Случай предпринять последнюю попытку и уговорить Луизу не замёдлил представиться. В тот же вечер, когда мы все вместе — графиня, ее дочери, Луиза и я — сидели за чаем, графиня вдруг взяла обе руки Луизы в свои и, рассказав ей все, что она узнала относительно опасностей пути, стала умолять ее (при всем своем желании матери, чтобы сын обрел утешительницу), провести эту зиму у них в Москве. Я воспользовался этой минутой и присоединил к настояниям графини свои собственные. Но на все наши слова Луиза по-прежнему отвечала со своей нежной и печальной улыбкой:
— Будьте покойны, я доеду.
Тогда мы стали умолять ее отложить путешествие хотя бы до той поры, когда установится санный путь, но она снова покачала головой и сказала:
— Ждать этого слишком долго.
В самом деле, осень была сырая и дождливая, так что нельзя было предугадать, когда начнутся морозы. И поскольку мы по-прежнему продолжали настаивать, она с некоторым раздражением произнесла:
— Так вы хотите, чтобы он умер там, а я здесь?
Как видно, она приняла решение, и я, со своей стороны, тоже больше не колебался.
Луиза хотела отправиться в путь на следующий же день в десять часов утра, после завтрака у графини, на который был приглашен и я. Встав очень рано, я отправился покупать себе дорожное платье, шапку, большие меховые сапоги, карабин и пару пистолетов.

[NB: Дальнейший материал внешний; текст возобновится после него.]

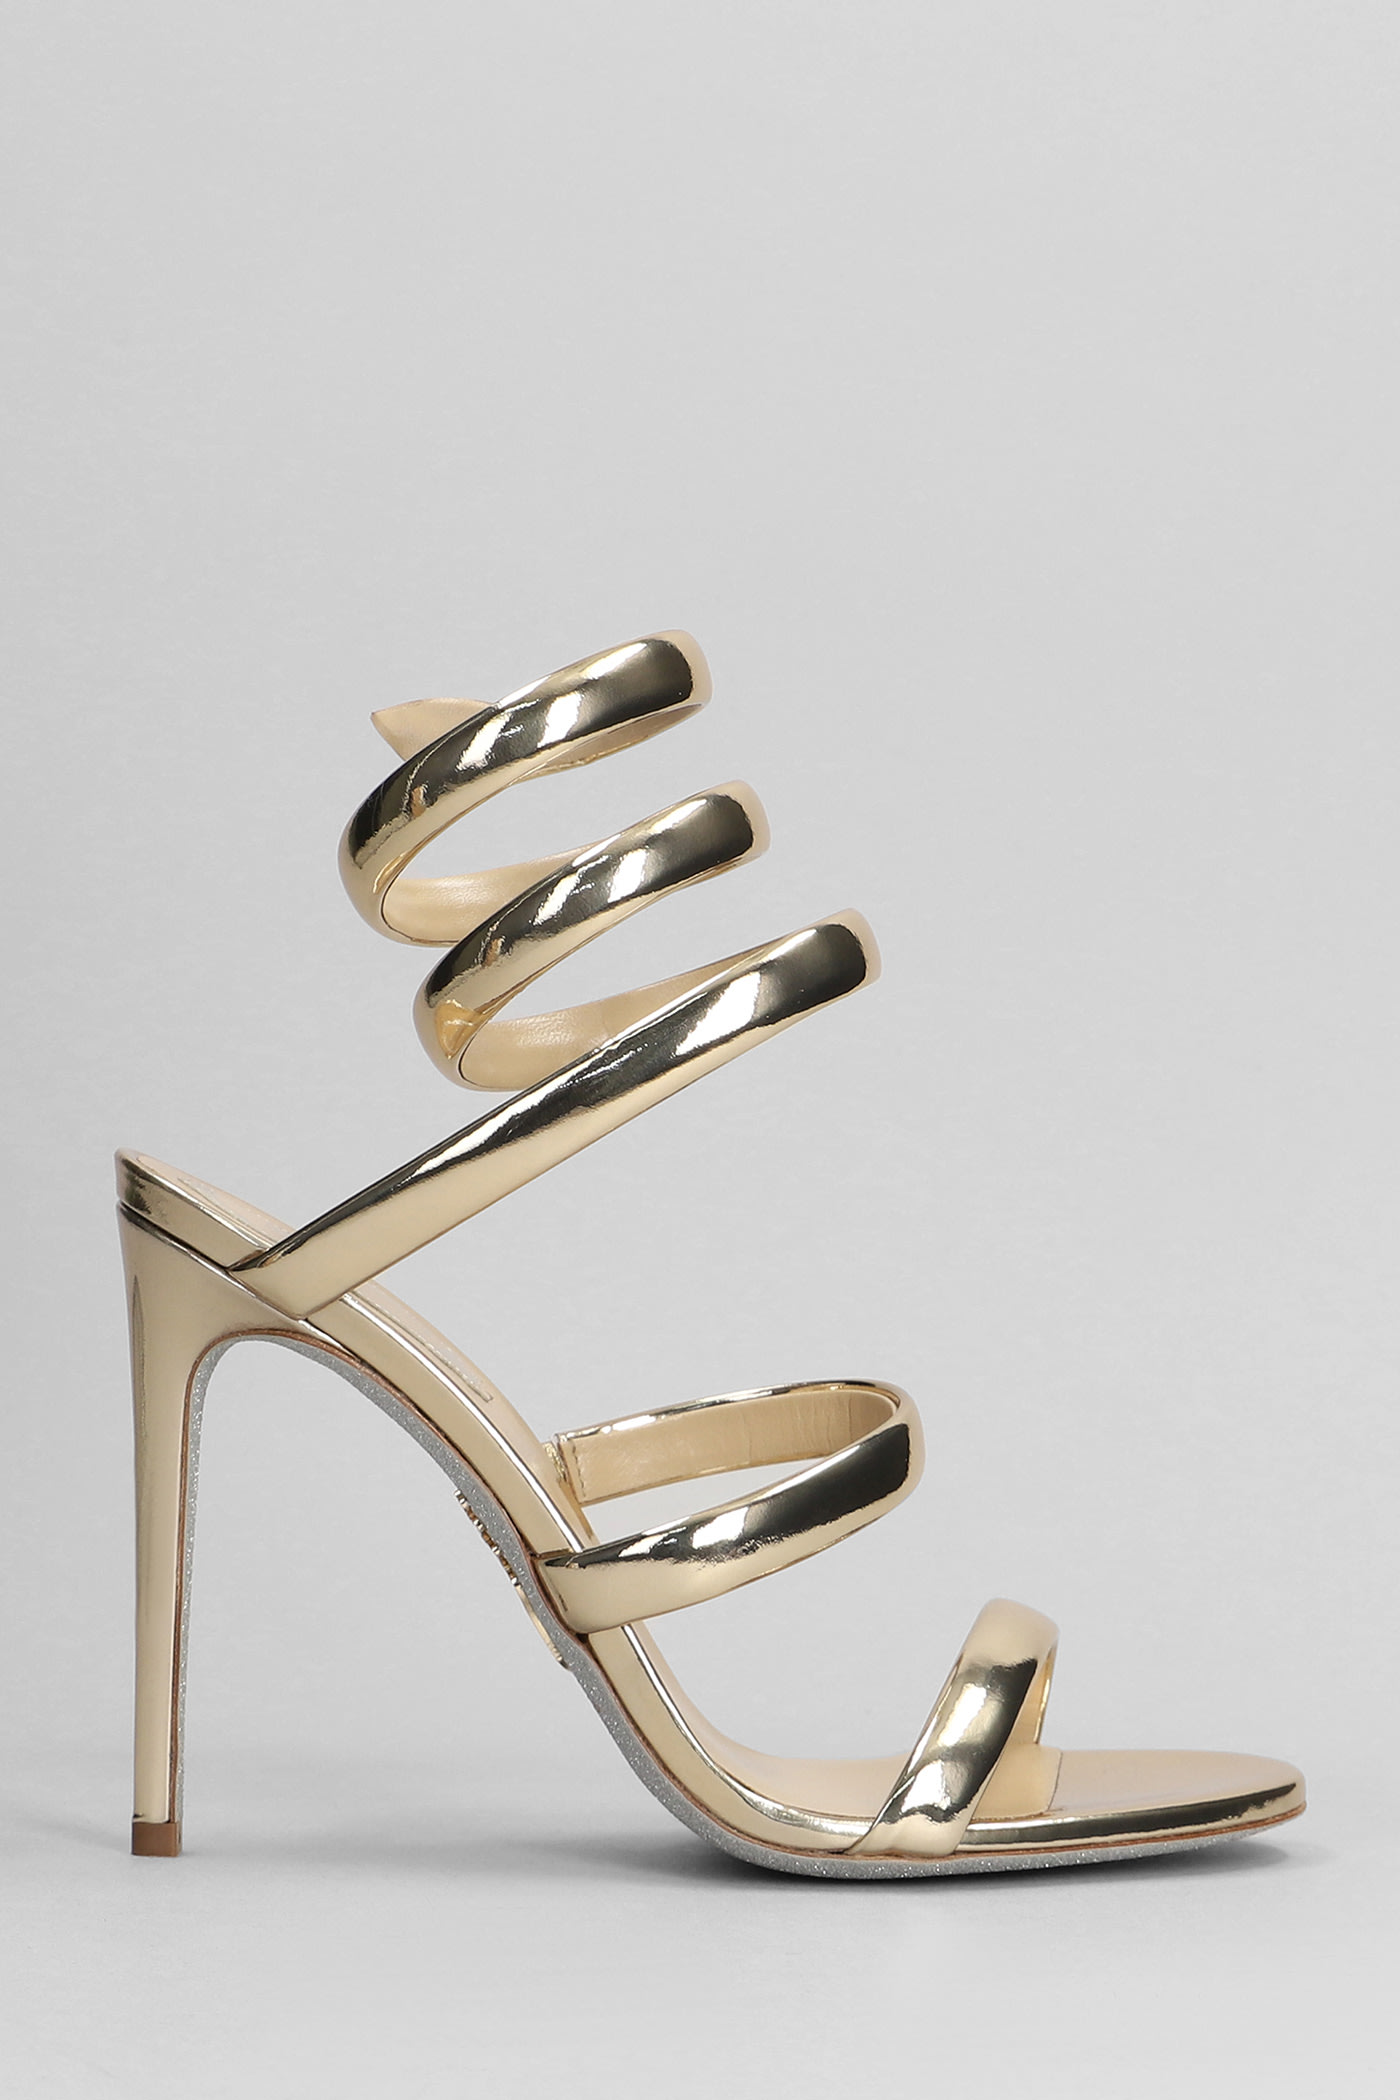 René Caovilla Serpente Sandals In Gold Leather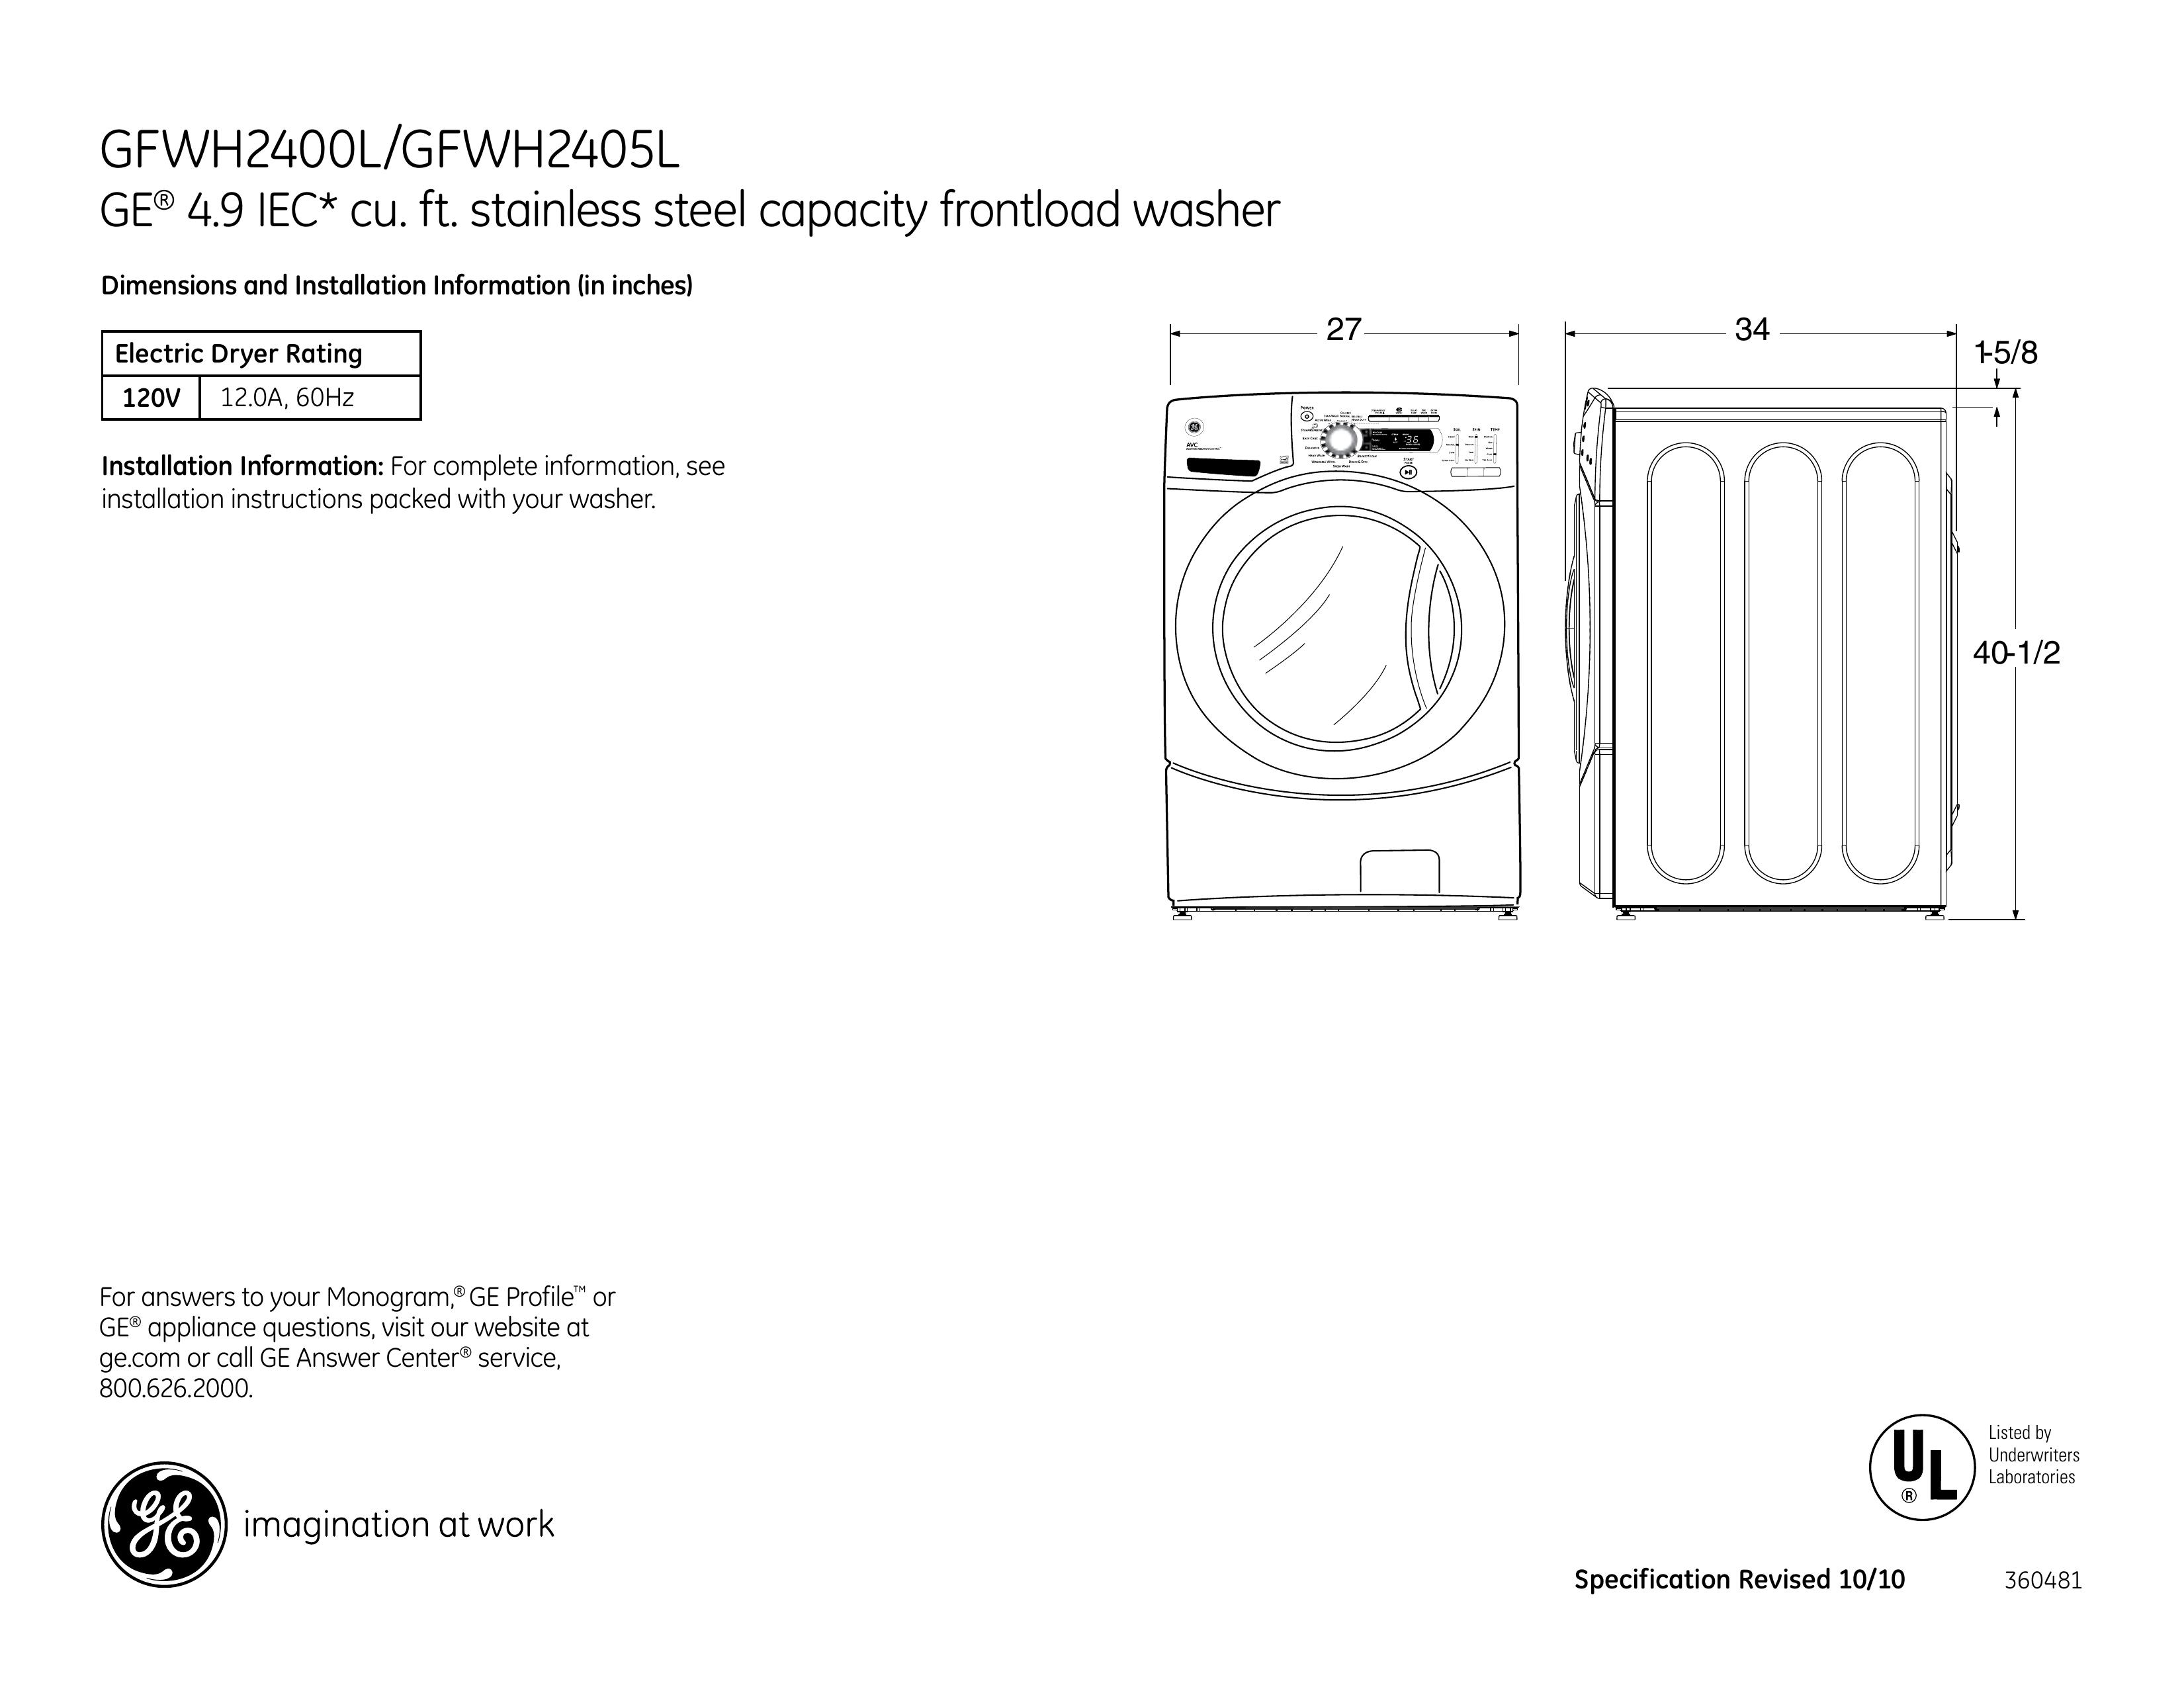 GE GFWH2400LWW Washer User Manual

Все это я поручил Ивану положить в дорожный экипаж, представлявший собой, как уже было сказано, великолепную почтовую берлину, которую нам, вне всякого сомнения, предстояло оставить, чтобы пересесть в телегу или сани, но которой мы рассчитывали пользоваться до тех пор, пока это позволят погода и дорога. Я написал императору, что при виде того, как женщина, которой он соизволил оказать столь великодушное покровительство, садится в экипаж, отправляясь в дальнюю и опасную дорогу, ее соотечественник и друг не был в состоянии позволить ей ехать одной; что в соответствии с этим я прошу его величество извинить меня за решение, на которое я не мог испросить у него согласия, ибо решение это было принято мною не раздумывая, и, прежде всего, судить о нем в его истинном свете. Затем я вернулся к графине.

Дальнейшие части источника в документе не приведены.